DATA EXCERPT:
# # # # # # #

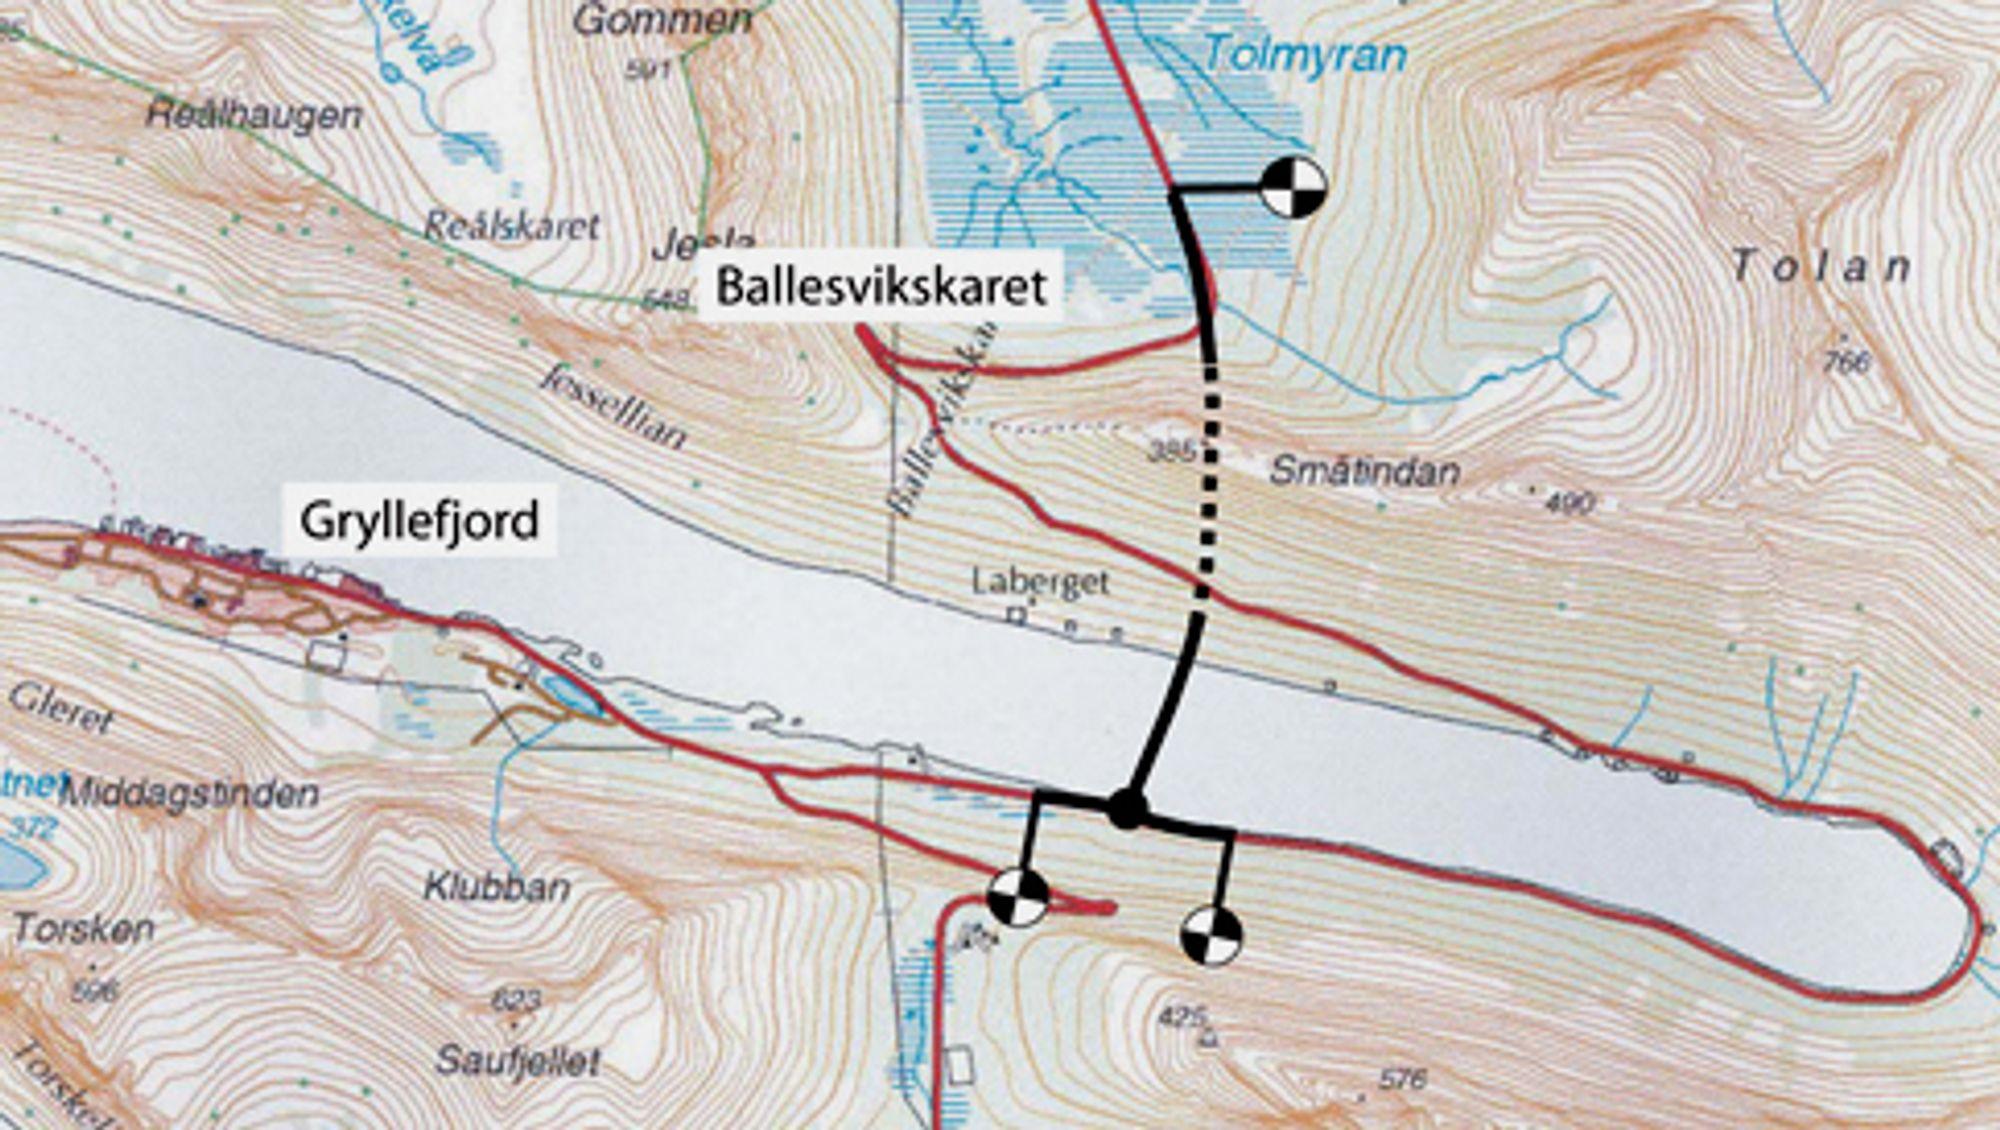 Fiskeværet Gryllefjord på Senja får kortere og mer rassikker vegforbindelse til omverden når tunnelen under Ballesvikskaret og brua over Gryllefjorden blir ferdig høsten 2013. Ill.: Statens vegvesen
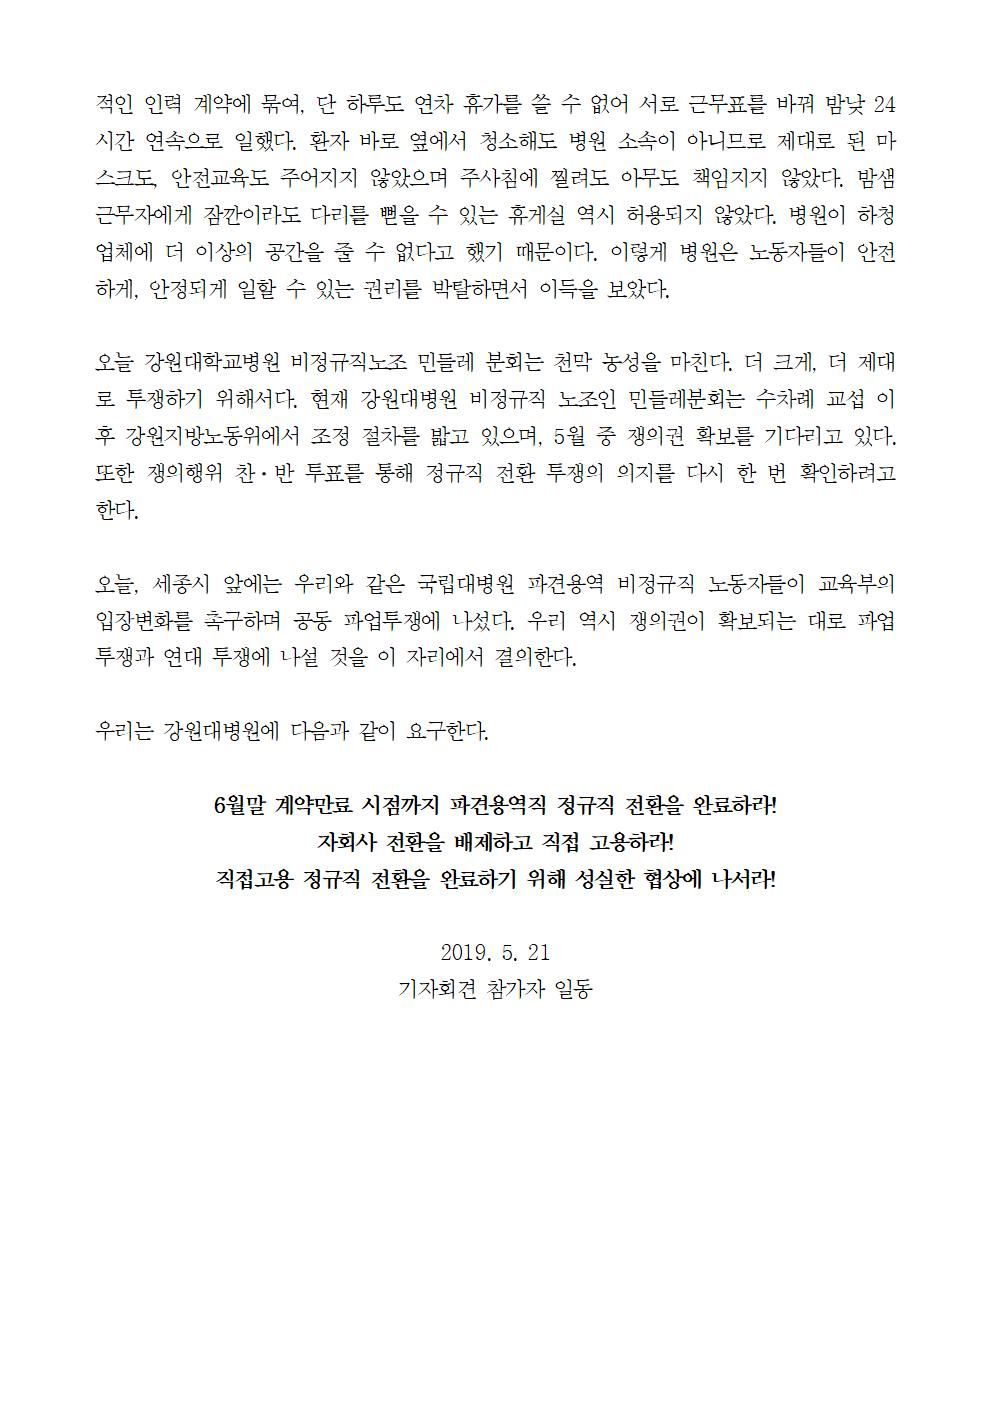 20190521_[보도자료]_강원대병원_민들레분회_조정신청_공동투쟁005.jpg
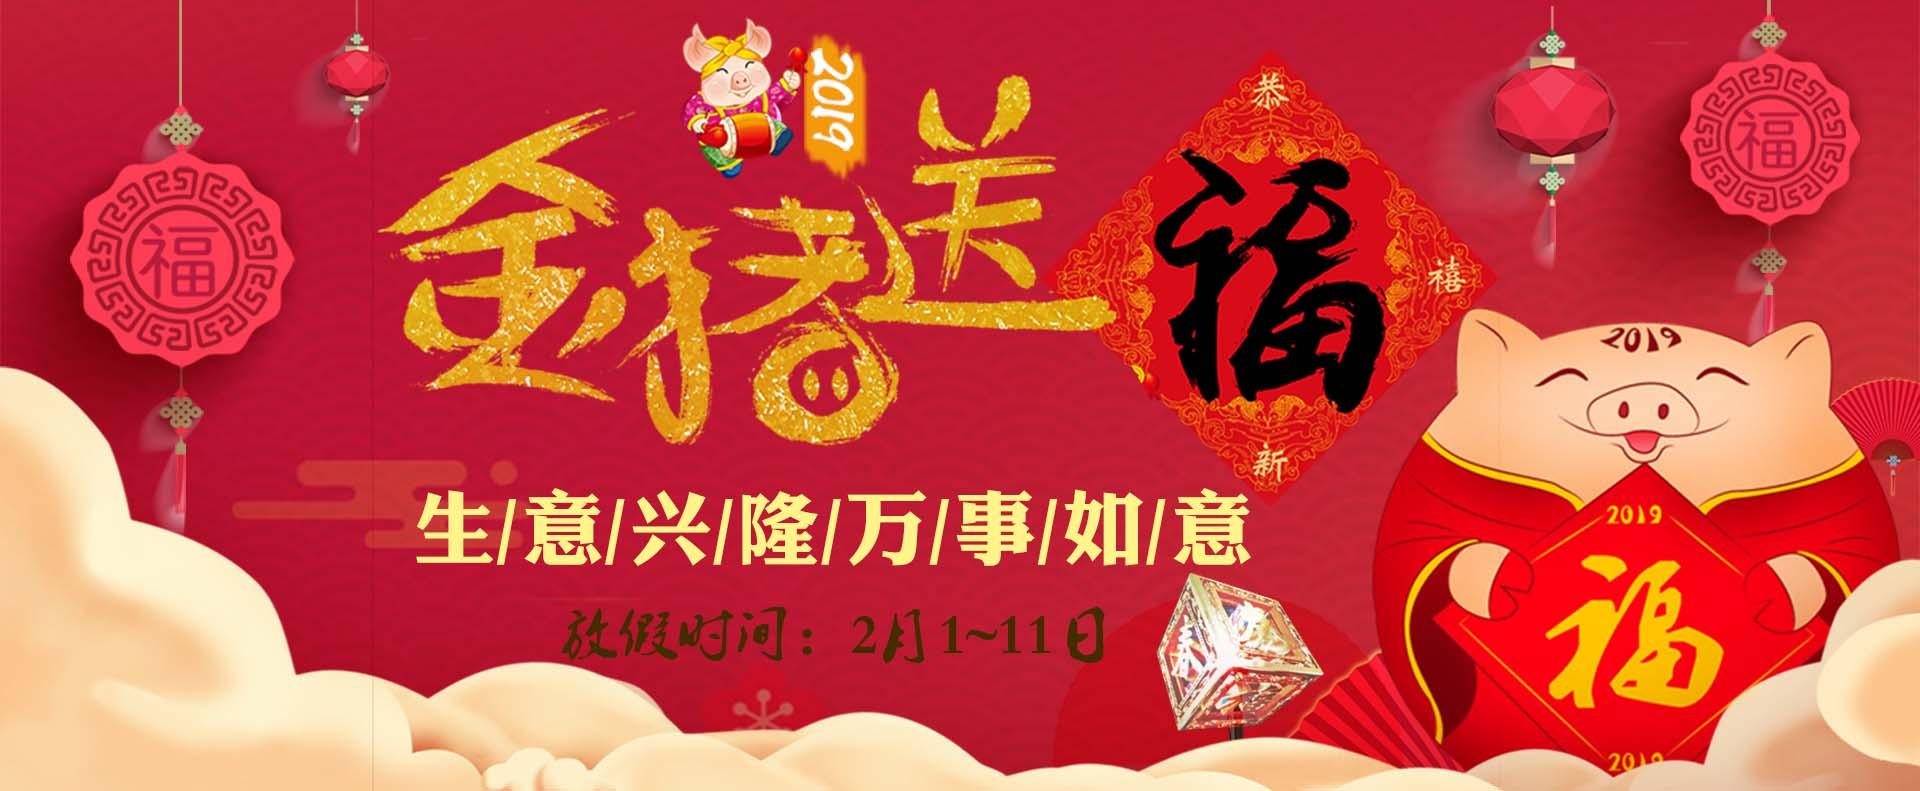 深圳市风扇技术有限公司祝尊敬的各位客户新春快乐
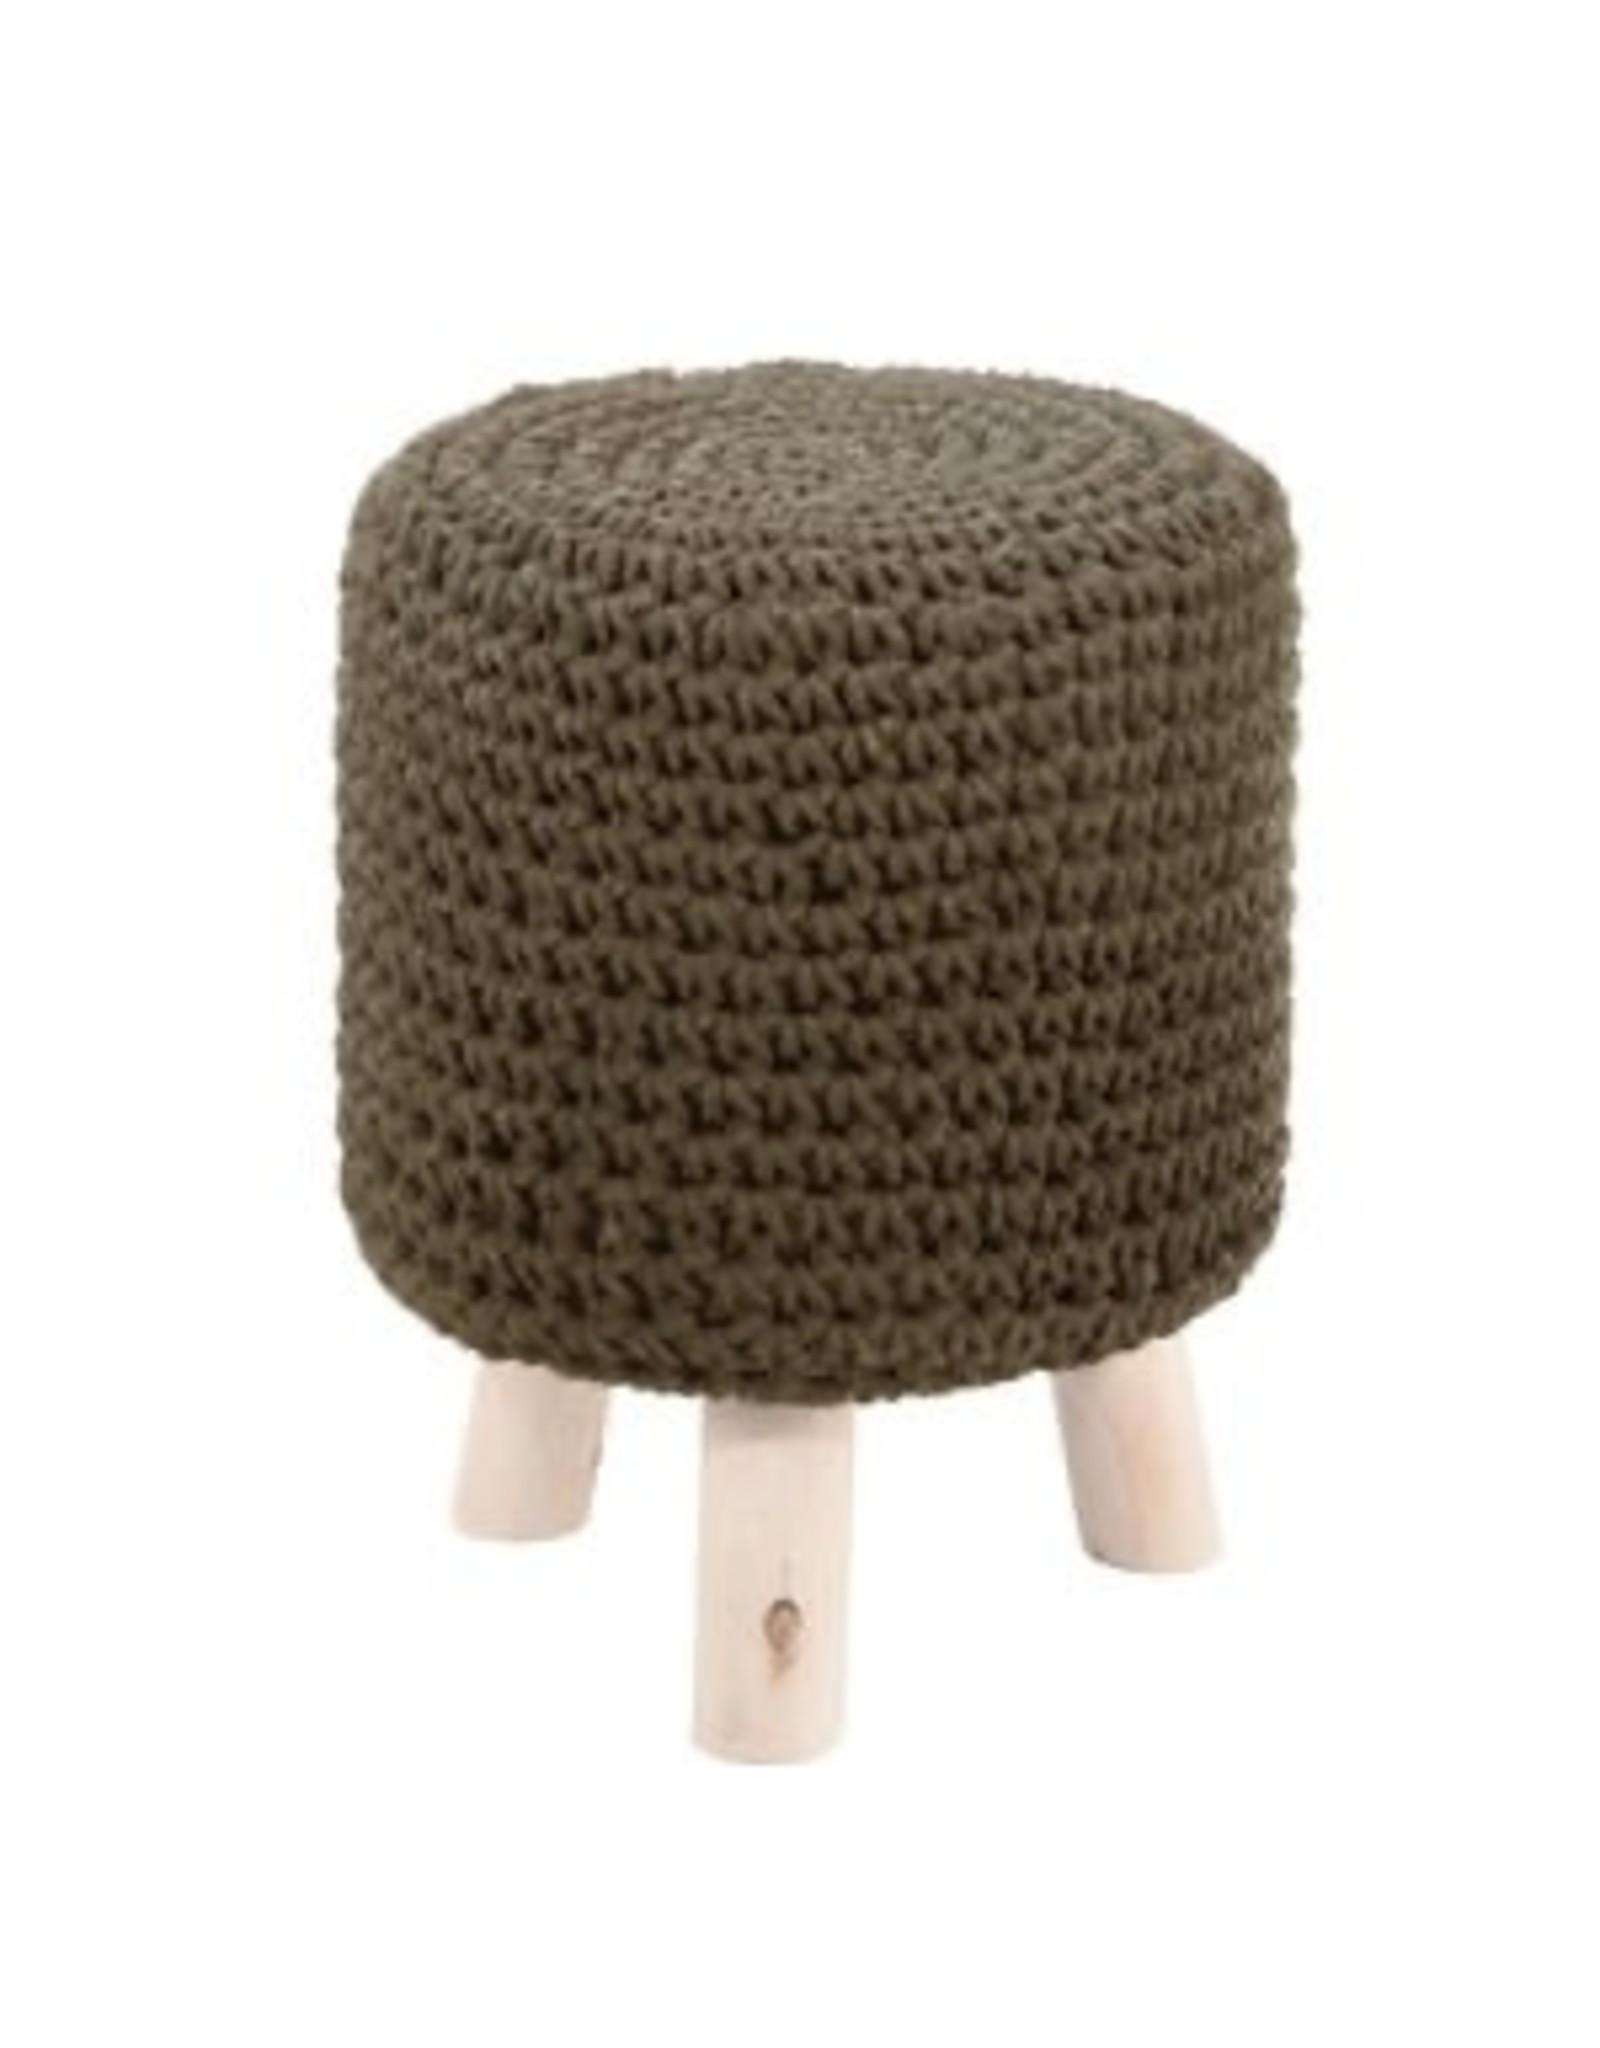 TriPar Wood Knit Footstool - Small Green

# # # # # # #

WHAT TO PRODUCE: Find the line with "深圳市风扇技术有限公司祝尊敬的各位客户新春快乐" in the listing above, then write it out along with every later line through the last one, exactly, omitting pictures.

OUTPUT:
 深圳市风扇技术有限公司祝尊敬的各位客户新春快乐
 TriPar Wood Knit Footstool - Small Green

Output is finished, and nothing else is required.